Claiming that COVID-19 cases were over-counted, Republican West Virginia Governor expels top health experts

West Virginia Governor Jim Justice forced a senior state health official after claiming that his office had overstated the number of coronavirus cases.

Dr. Cathy Slemp, the state health officer, abruptly resigned Wednesday, hours after Justice called her by name at a press conference, according to the West Virginia Metro News.

Justice, a Republican, announced that Bill Crouch, secretary of the state Department of Health and Human Resources, asked Slemp to resign.

“After the Governor expressed to Secretary Crouch his lack of confidence in the leadership of Dr. Slemp of the Office of Public Health due to a series of recent events involving matters under his direct control, Secretary Crouch requested the resignation. from Dr. Slemp, which she immediately offered, “the governor’s office said in a statement.

Slemp has been the state’s director of health since 2018 and was highly visible at press conferences since the pandemic.

His resignation came after Justice, without explanation, alleged that the department had “overstated” the number of infections in the state.

“We had overstated the number of active cases we have. If you are going to do something wrong, we would all be happier if it is bad for the good side,” he said. “… We have every reason to believe that the numbers that I have been reporting to you over the past few days are perhaps inaccurate.”

Justice noted an outbreak at a prison in Huttonsville and claimed that the numbers in the county where the prison is located were over counted without providing any further explanation.

“If we were in our game here in [the Department of Health and Human Services] – in Dr. Slemp’s office – if we’re in our game, and you’re hearing the governor say that there are six active cases in Huttonsville, and you’re looking at the reports and you’re sending cases to me, and you’re looking at Randolph County, and They are reporting hundreds of weird cases, so you are not doing your job, “he said.

Justice said the state was still working to determine the discrepancy.

“We are digging into the numbers right now,” he said. “In any case, we’ve exaggerated the bad, which means we don’t have as much evil as we thought we did. But that doesn’t matter to me. I want the numbers to be correct.”

The department said in a statement to Metro News that it worked to manually remove some of the cases listed as active in the county, but dozens of active cases remain despite the governor’s claims.

“This was a unique situation specific to the Huttonsville Correctional Center outbreak investigation, as it required manual data entry,” the statement said. “On the COVID-19 Panel, Randolph County still shows 56 open cases. The Office of Epidemiology and Prevention Services will work with the Randolph County Health Department to find out if there are additional case reports to be closed associated with that sprout. “

Slemp had decades of public health experience, the Associated Press noted. She was the founding director of the state’s public health emergency preparedness and response programs and is a member of the scientific advisory board for the Centers for Disease Control and Prevention.
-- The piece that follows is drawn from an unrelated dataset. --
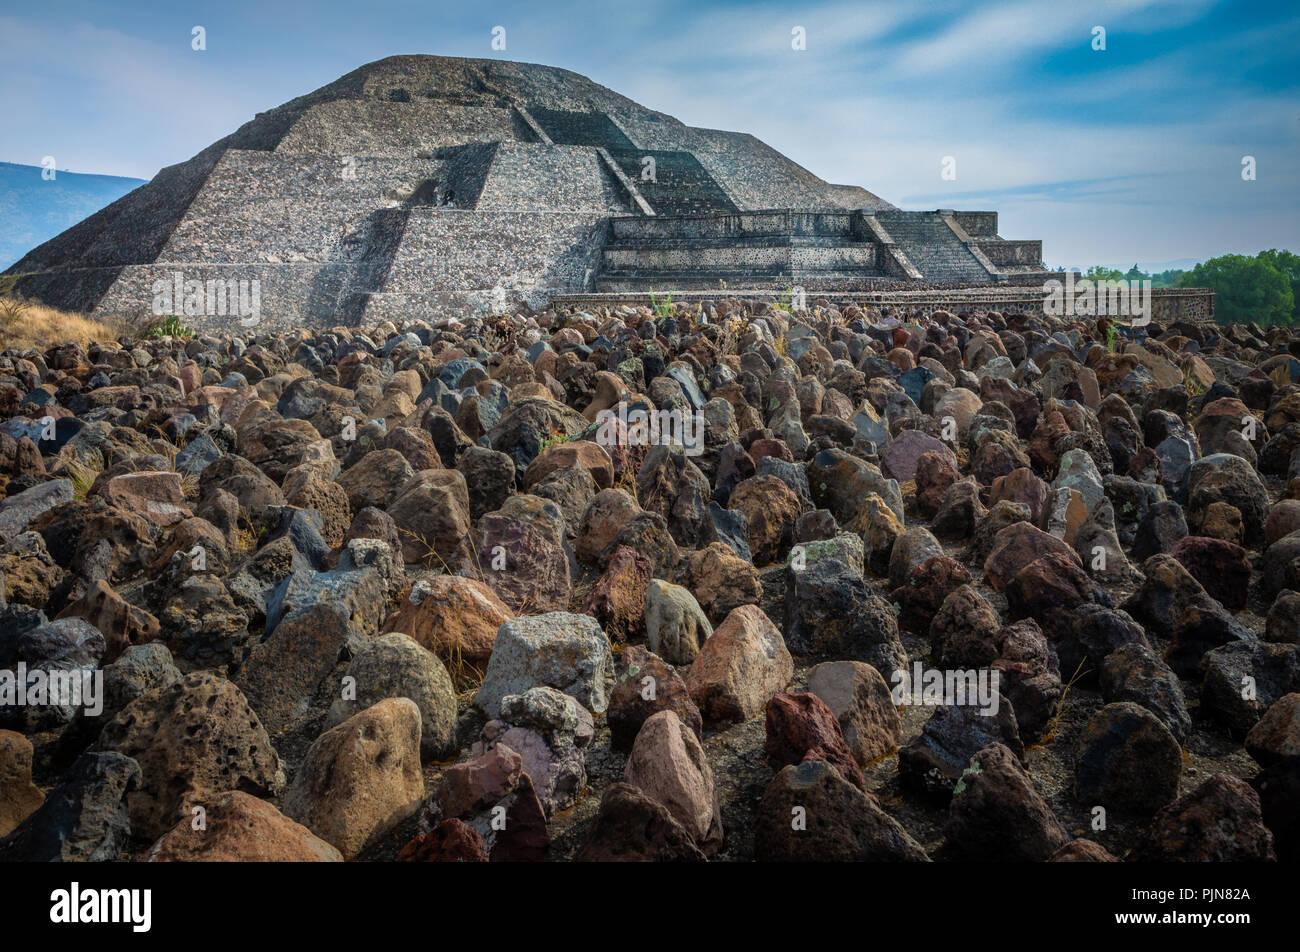 La pyramide de la Lune est la deuxième plus grande pyramide dans le San Juan Teotihuacán, Mexique, après la Pyramide du soleil. Photo Stock
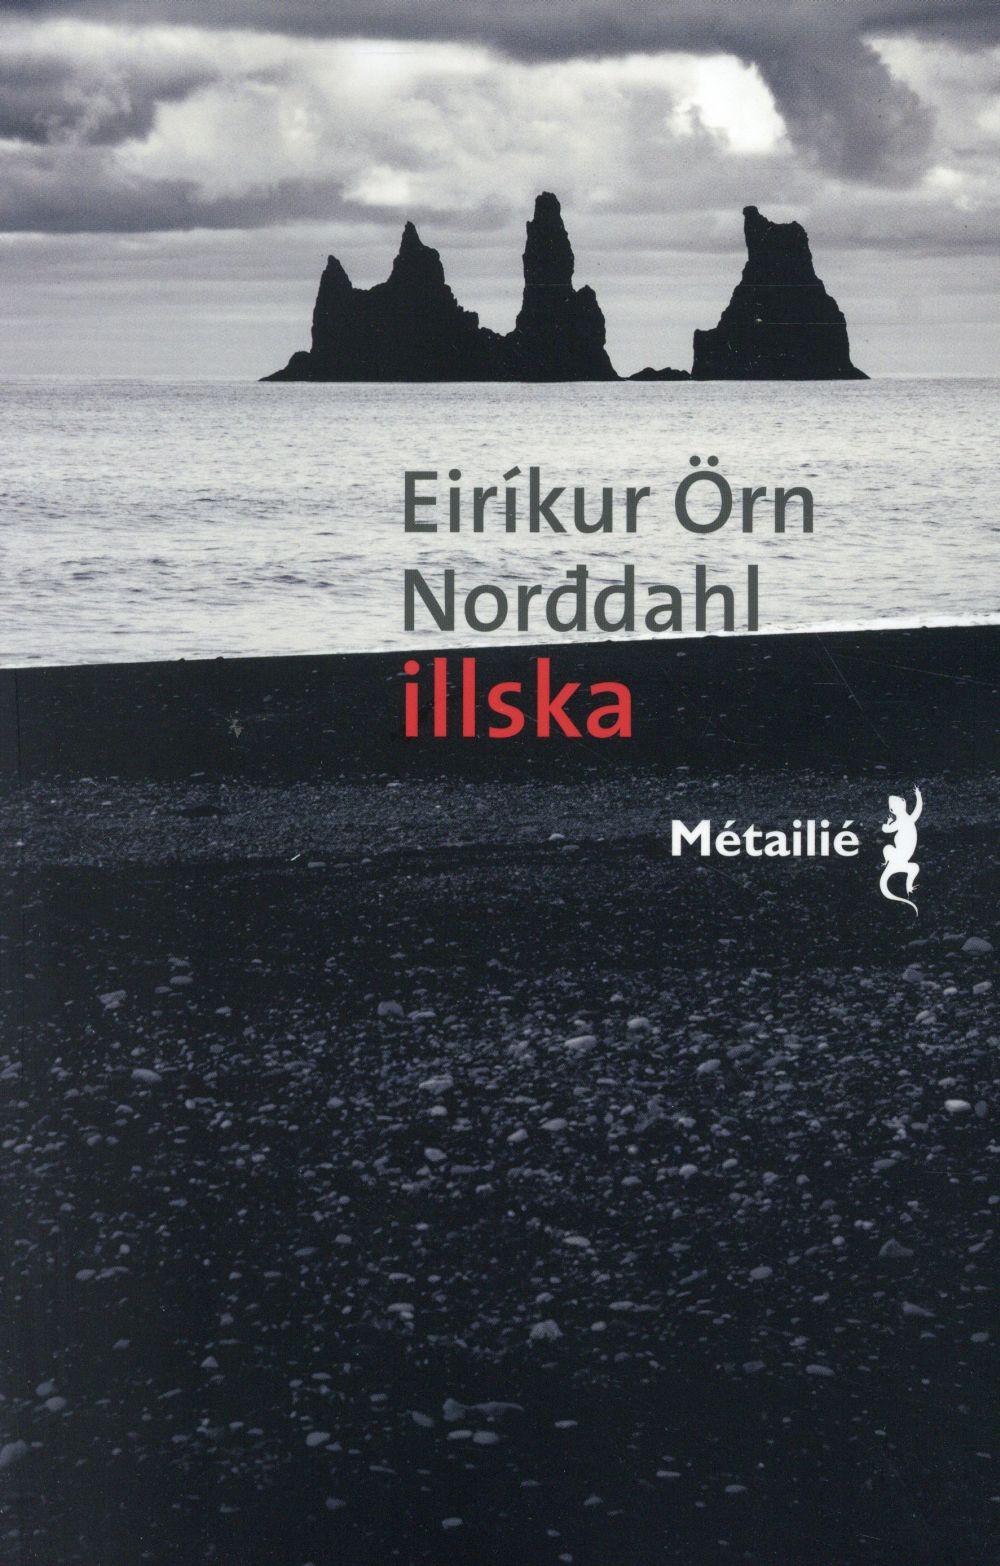 """La #Critique Pour/Contre des Explorateurs : """"Illska"""" de Eirikur Örn Norddahl"""

Justice, a billionaire coal magnate who was elected despite having no political experience, has pushed to reopen “aggressively,” the outlet added. West Virginia has seen cases increase in recent weeks, and the country reached its highest daily amount of new infections on Wednesday. Justice has delayed calls to tighten coronavirus restrictions and implement a mask requirement as many other states have.

A similar situation developed in Florida, where the architect of the state’s COVID-19 data panel was fired after she said she refused to “manually change the data” to “get support” for Governor Ron DeSantis’ plan to reopen, that the governor denied.

Lori Tremmel Freeman, executive director of the National Association of County and City Health Officials, said that “dozens of top health officials have resigned or been fired since the pandemic began,” according to The New York Times. Many have resigned after receiving threats in response to their public health policies.

Dr. Amy Acton, the chief health officer in Ohio, resigned earlier this month after numerous anti-Semitic attacks and armed protests outside her home.

Dr. Nichole Quick, the chief health officer for Orange County, California, resigned after protests and threats over her order to require the use of masks in certain businesses.

Emily Brown, the director of the Rio Grande County Public Health Department in Colorado, was fired after threats and rejection for urging tighter restrictions.

“There is a big red target on their backs,” Freeman told The Times. “They are becoming villains because of their orientation. In normal times, they are very trustworthy members of their community.”

“We have never seen this level of vitriol before,” added Kat DeBurgh, executive director of the California Association of Health Officials. “I am not only concerned with the present, but also with the future. When you are subjected to such harassment, who is going to intervene in these jobs?”